3. In the case of [employees] occupying managerial posts, conduct generally considered to be a possible ground for dismissal in accordance with paragraph 2 shall rule out any possibility of continued employment. …
(Grundordnung des kirchlichen Dienstes im Rahmen kirchlicher Arbeitsverhältnisse [GrO 1993] [Basic Regulations on Employment Relationships in the Service of the Church], Sept. 22, 1993, AMTSBLATT DES ERZBISTUMS KÖLN [OFFICIAL JOURNAL OF THE ARCHDIOCESE OF COLOGNE] 1993, at 222, repromulgated in AMTSBLATT DES ERZBISTUMS KÖLN 2015, at 146 (citations omitted).)
The ECJ recalled its ruling in an earlier case that if a church asserts that because of the nature of the activities concerned or the context in which the activities are to be carried out, religion constitutes a genuine, legitimate, and justified occupational requirement, such an assertion must be subject to effective judicial review. (Case C‑68/17, at 43 (citing Case C 414/16, Egenberger v. Evangelisches Werk für Diakonie und Entwicklung eV, Apr. 17, 2018, ECLI:EU:C:2018:257, at 55, InfoCuria website).) The ECJ found that the same reasons in support of a requirement for effective judicial review apply in the case at issue. (Case C‑68/17, at 44.)

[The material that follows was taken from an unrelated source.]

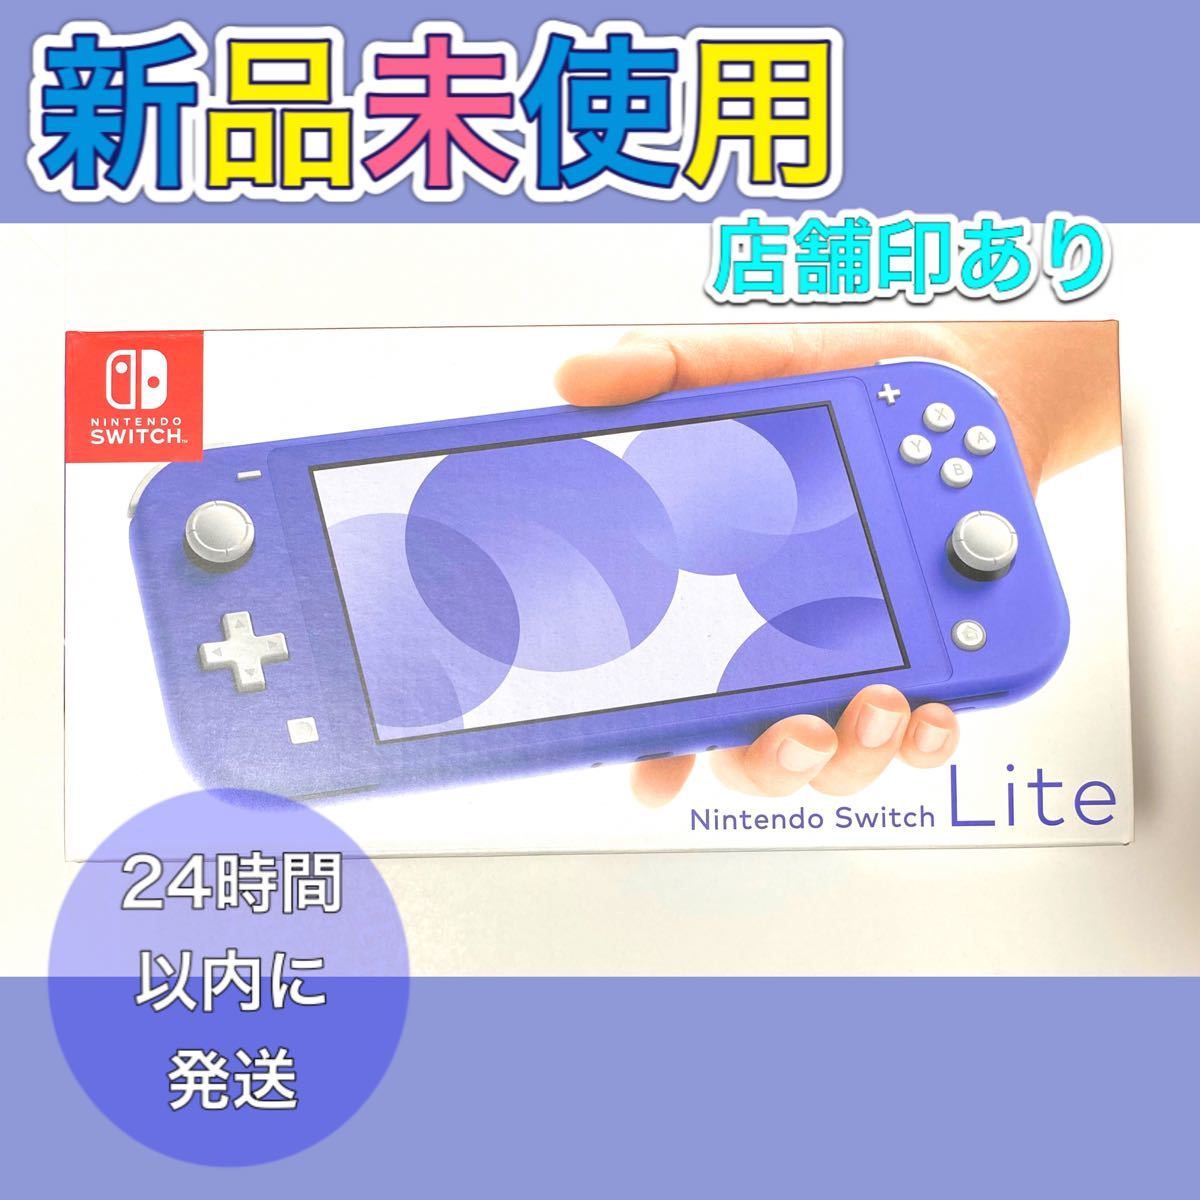 Nintendo Switch lite Blue ニンテンドースイッチライト ブルー 本体 新品未開封 新品未使用 国内正規品

It stated that the national court must review whether such an occupational requirement is in fact genuine, legitimate, and justified. “Genuine” means that religion “must be necessary because of the importance of the occupational activity in question for the promotion of that ethos or the exercise by the church or organisation of its right of autonomy.” (Id. at 51.) A requirement is “legitimate” when it is not used to pursue an aim that has no connection with that ethos or with the exercise by the church or organization of its right of autonomy. (Id. at 52.) Finally, the ECJ held that “justified” means that the church can show that there is a probable and substantial risk that its ethos or autonomy are undermined if such an occupational requirement is not imposed. (Id. at 53.)
The ECJ stated that it is ultimately up to the national court to determine if these requirements are fulfilled, but the ECJ could nonetheless provide guidance. (Id. at 56.) It concluded that in the present case, it appears that these requirements are not fulfilled, because upholding “the sacred and indissoluble nature of religious marriage” does not seem to be necessary to provide medical advice and care and head an internal medicine department. (Id. at 57 & 58.) In the Court’s view, this finding is corroborated by the fact that Catholic employees in managerial positions are subjected to a different standard of good faith and loyalty than employees in managerial positions who are of a different faith or of no faith. (Id. at 59.)
In addition, the ECJ held that the occupational requirement does not seem to be justified. However, as with the previous requirement, it is ultimately up to the national court to verify whether the defendant has shown that there is a probable and substantial risk to its ethos or autonomy without it. (Id. at 60.)
Finally, the ECJ recalled that a national court must interpret the national law, in this case the German General Law on Equal Treatment, in a manner consistent with the EU Equal Treatment Directive as interpreted by the ECJ and, if necessary, change established national case law. (Id. at 63 & 64.) It stated that the prohibition of all discrimination on grounds of religion or belief is a mandatory general principle of EU law, codified in article 21 of the Charter of Fundamental Rights of the European Union. In the opinion of the Court, this principle confers on individuals “a right that they may actually rely on in disputes between them in a field covered by EU law.” (Id. at 69.) The Court concluded that if an interpretation of the national law consistent with EU law is not possible, the national court must disapply the national law. (Id. at 70; Charter of Fundamental Rights of the European Union art. 21, 2007 O.J. (C 303) 1, EUR-Lex website.)